Two of the eight vehicles were built as contraption cars to house the smoke screen, the mine dispenser and the machine guns. Of the remaining six, two more were fitted with capsules that allow stunt drivers to control the car while sitting on the roof. This ensured that the actors could be filmed inside the car when driving at high speed.

Narratively, the DB5 works too, because in No Time To Die, Daniel Craig’s Bond is old and initially retired, and the DB5 in 2021 is a car for old and retired. Meanwhile, a much younger Bond colleague in the film drives a DBS Superlegerra, a car for the youth and retirees, or at least a young working secret agent.

All of this product placement, in any case, isn’t just meant to help sell cars per se. Ask a marketing professor about the inherent value of the brand, which is also primarily the goal of Formula 1, which is to spend a lot of money simply to get your brand into the conversation. Most people who watch No Time To Die will never buy a new Omega or Aston Martin, but the benefit is in the association.

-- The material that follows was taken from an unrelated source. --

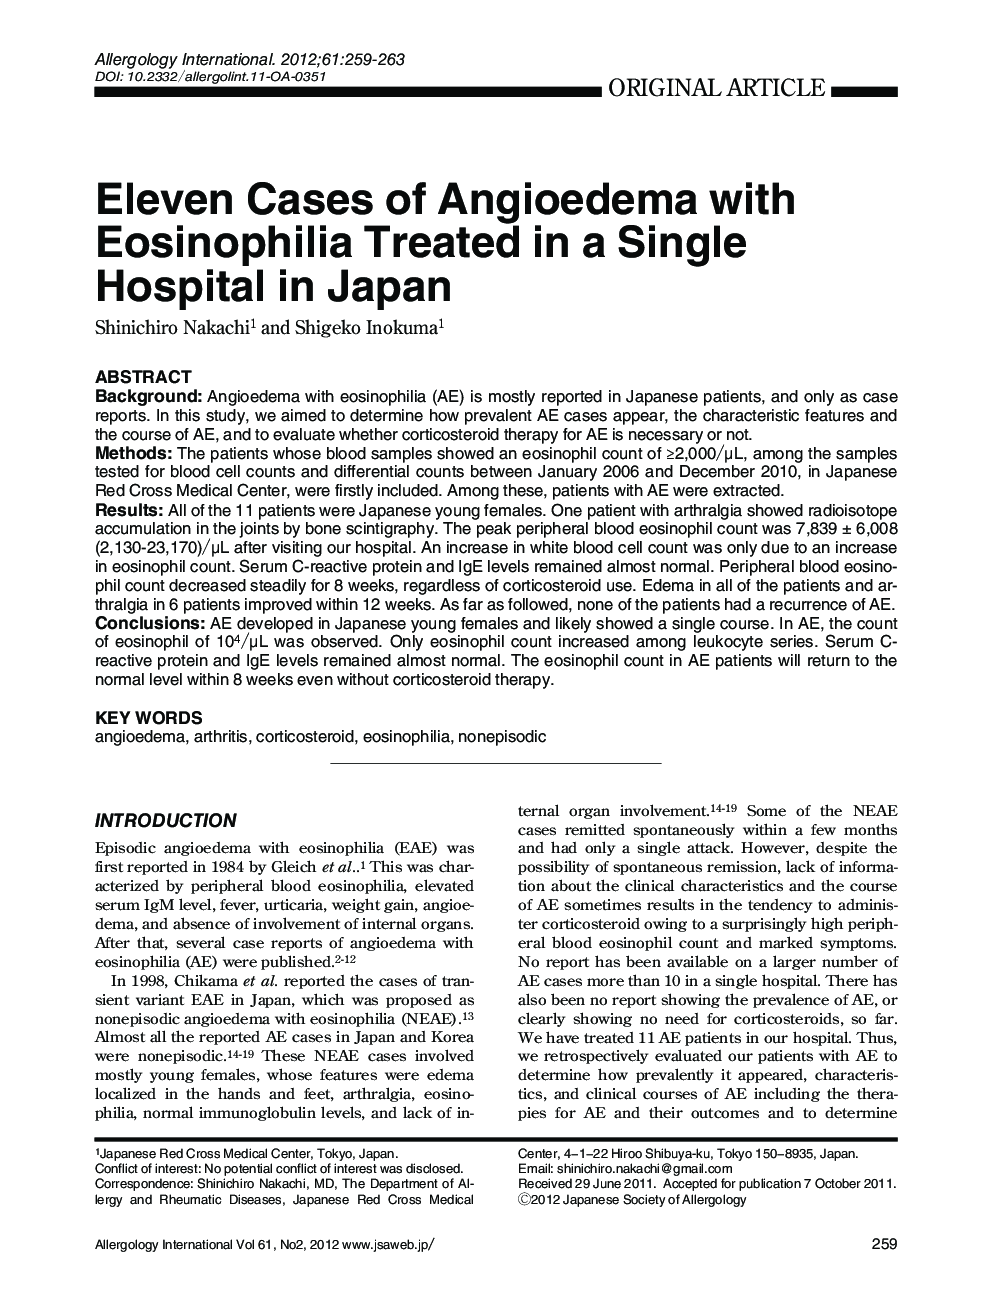 Eleven Cases of Angioedema with Eosinophilia Treated in a Single Hospital in Japan

And for an Aston Martin who is backed by a Canadian billionaire these days, it’s kind of lucky to still have that. Bond will likely live forever, but it remains an open question whether Aston will. I asked Layton out loud if Bond would still be driving a DB5 in 50 years and, probably because he is above his salary level, he did not speculate. I hope, in any case, that it is not. No Time To Die is a great farewell for Craig but also for the DB5. Sooner or later everything you have to turn the page.